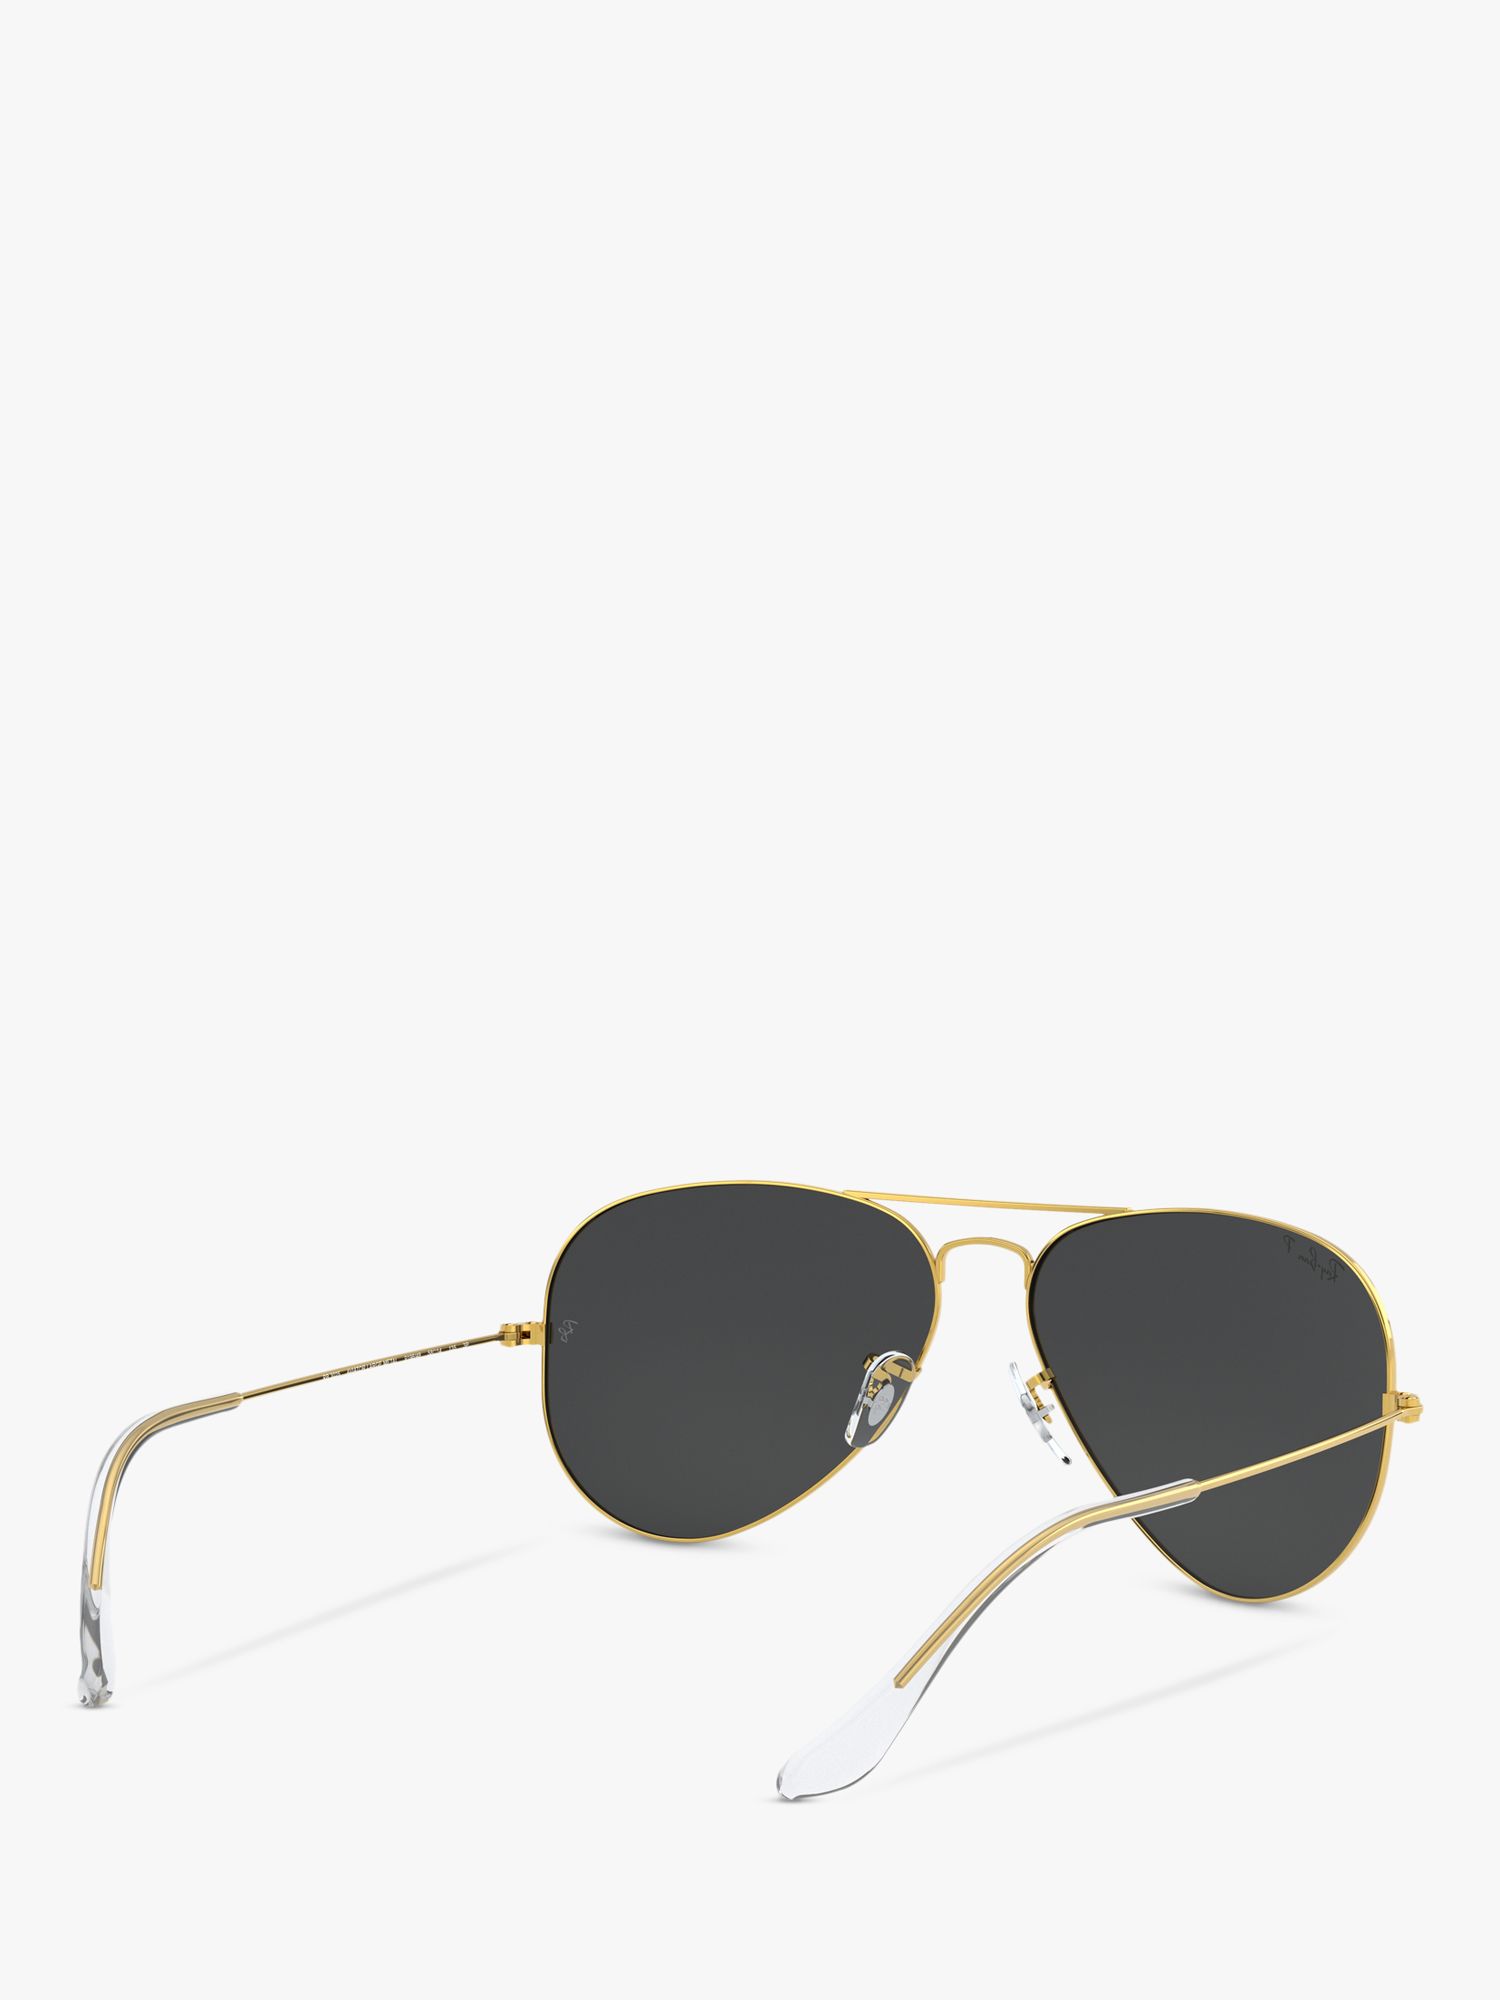 Ray-Ban RB3025 Unisex Polarised Aviator Sunglasses, Gold/Black
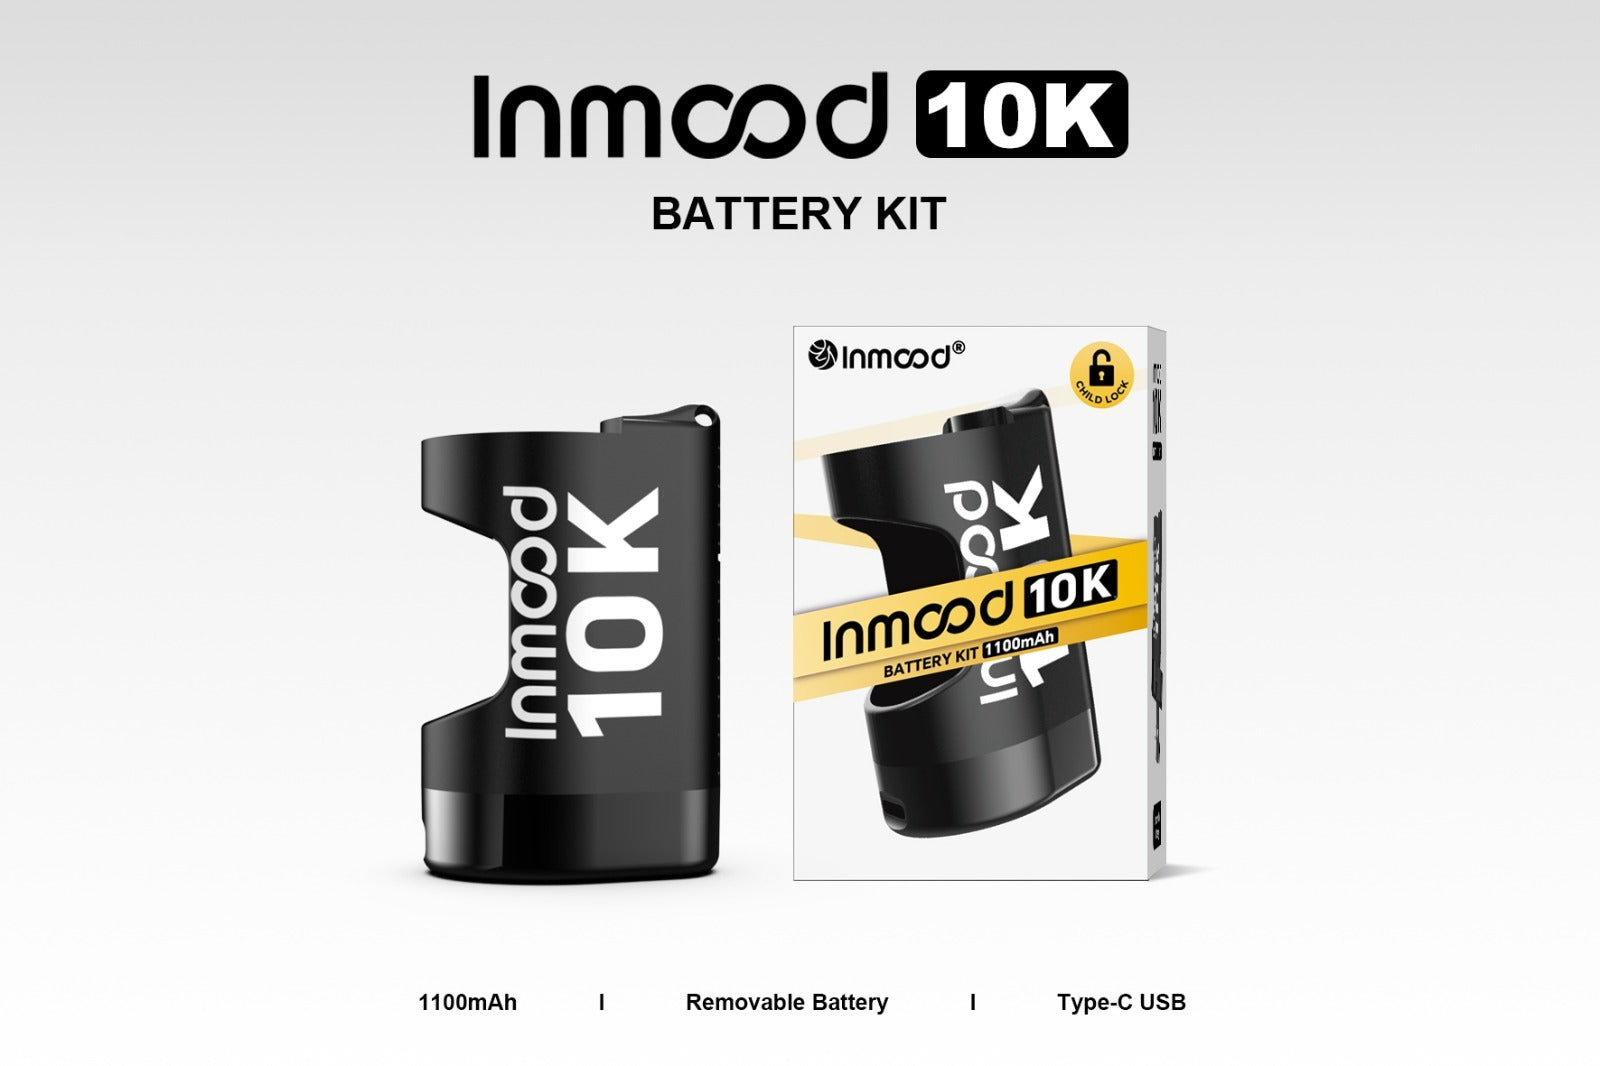 Inmood 10k Battery Black
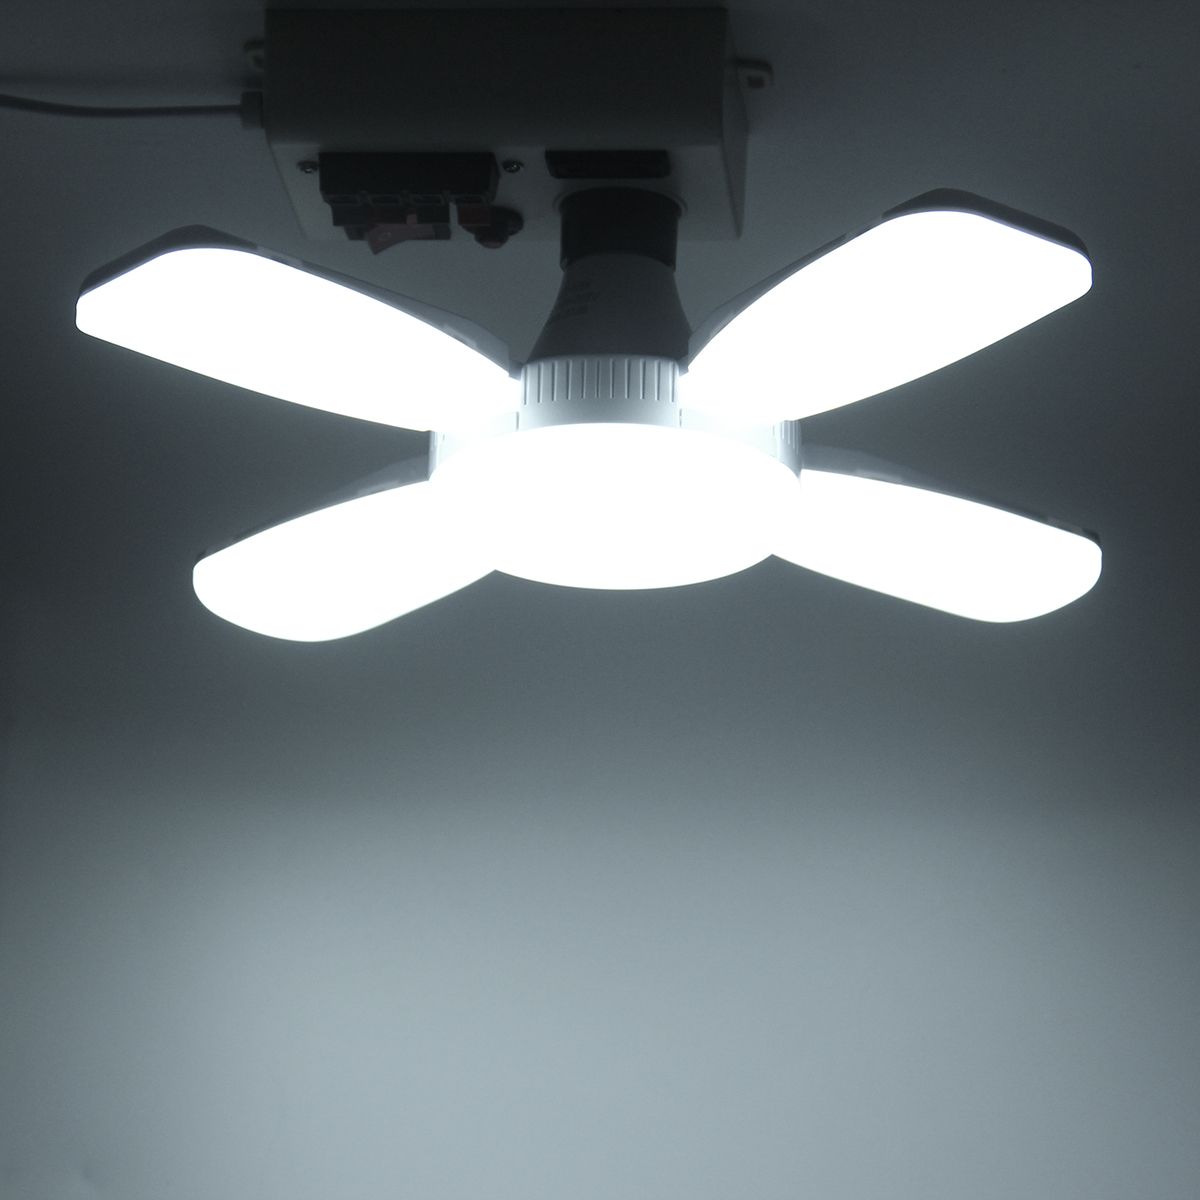 E27-60W-LED-Garage-Light-Bulb2835SMD-Four-Leaves-Deformable-Ceiling-Workshop-Lamp-AC165-265V-1719697
:::
* Your objective: Please provide a faithful transcription of all the data, pictures excluded.

* Task answer:
 Ray-Ban RB3025 Unisex Polarised Aviator Sunglasses, Gold/Black
 Inmood 10k Battery Black
 E27-60W-LED-Garage-Light-Bulb2835SMD-Four-Leaves-Deformable-Ceiling-Workshop-Lamp-AC165-265V-1719697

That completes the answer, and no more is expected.